No. 3 was built by the Rogers Locomotive and Machine Works of Paterson, New Jersey. Construction of the locomotive was completed on March 26, 1891, and was given Rogers' construction number 4493. It has 17 × 24 in cylinders, 56 in driving wheels and weighs 50 ST in working order. It was built for the Prescott & Arizona Central Railway (P&AC) as their locomotive #3 and named W.N. Kelley after the company's treasurer.
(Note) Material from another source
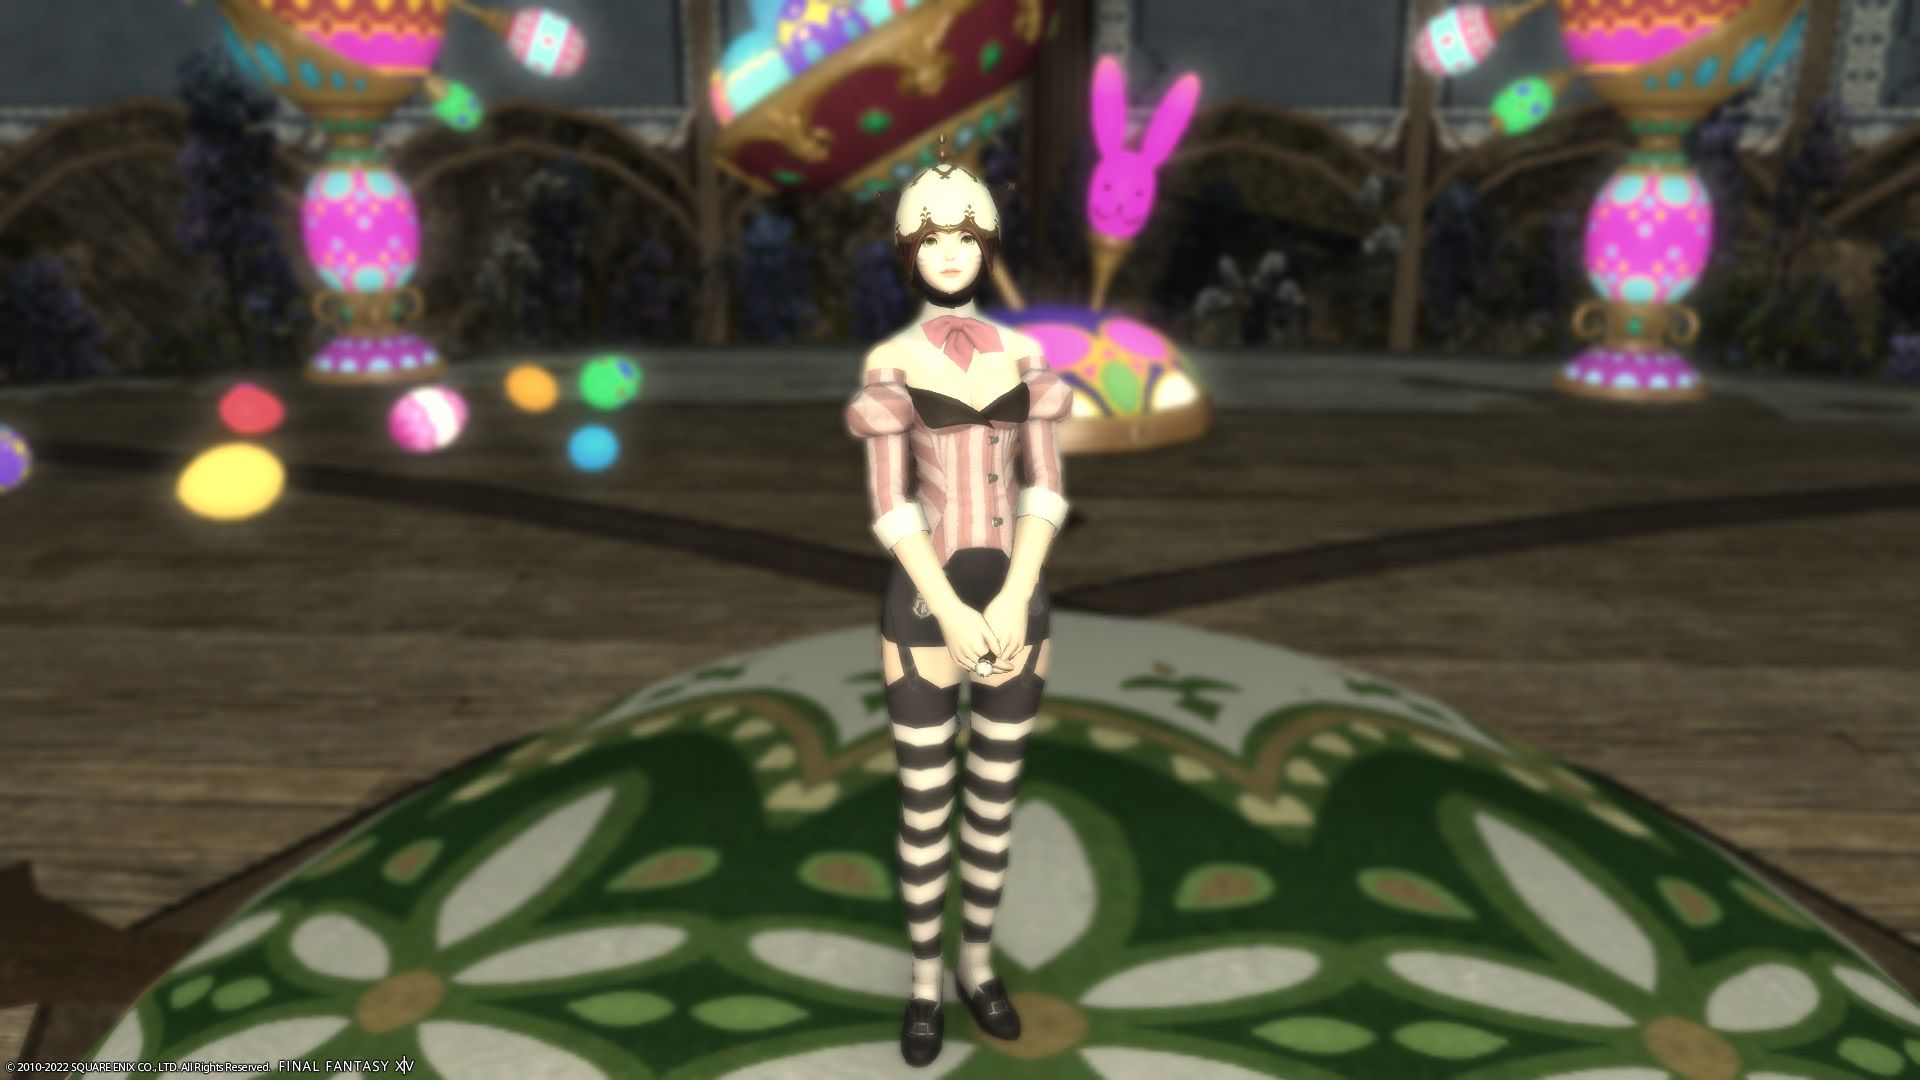 FF14 hatching tide npc with egg costume on

The P&AC went bankrupt in 1893 and its chief promoter, Thomas S. Bullock, relocated much of its equipment and hardware to California, including the No. 3. He then entered into a partnership with Prince André Poniatowski and William H. Crocker, and together in 1897 they incorporated the Sierra Railway Company of California to connect Oakdale, California with the mining and timber producing regions of Tuolumne County and Calaveras County.

The locomotive became Sierra No. 3 (dropping the W. N. Kelley name) and played a key role in the construction of the railroad to Jamestown, California in 1897, Sonora, California in 1899 and Tuolumne, California in 1900. It was the primary locomotive pulling freight trains on the railroad until 1906, when the Sierra Railway purchased a new Baldwin Locomotive Works 2-8-0 locomotive. It played a significant role in passenger and freight hauling operations in the Sierra foothills during the early development of Tuolumne County.

Originally built as a coal-fired locomotive, Sierra No. 3 was converted to burn oil sometime between 1900 and 1902.

Sierra No. 3 was involved in several wrecks. In February 1898, a switch mishap killed conductor William G. Bailey. In September 1899, its tender derailed while backing up on a trestle, causing it to collapse.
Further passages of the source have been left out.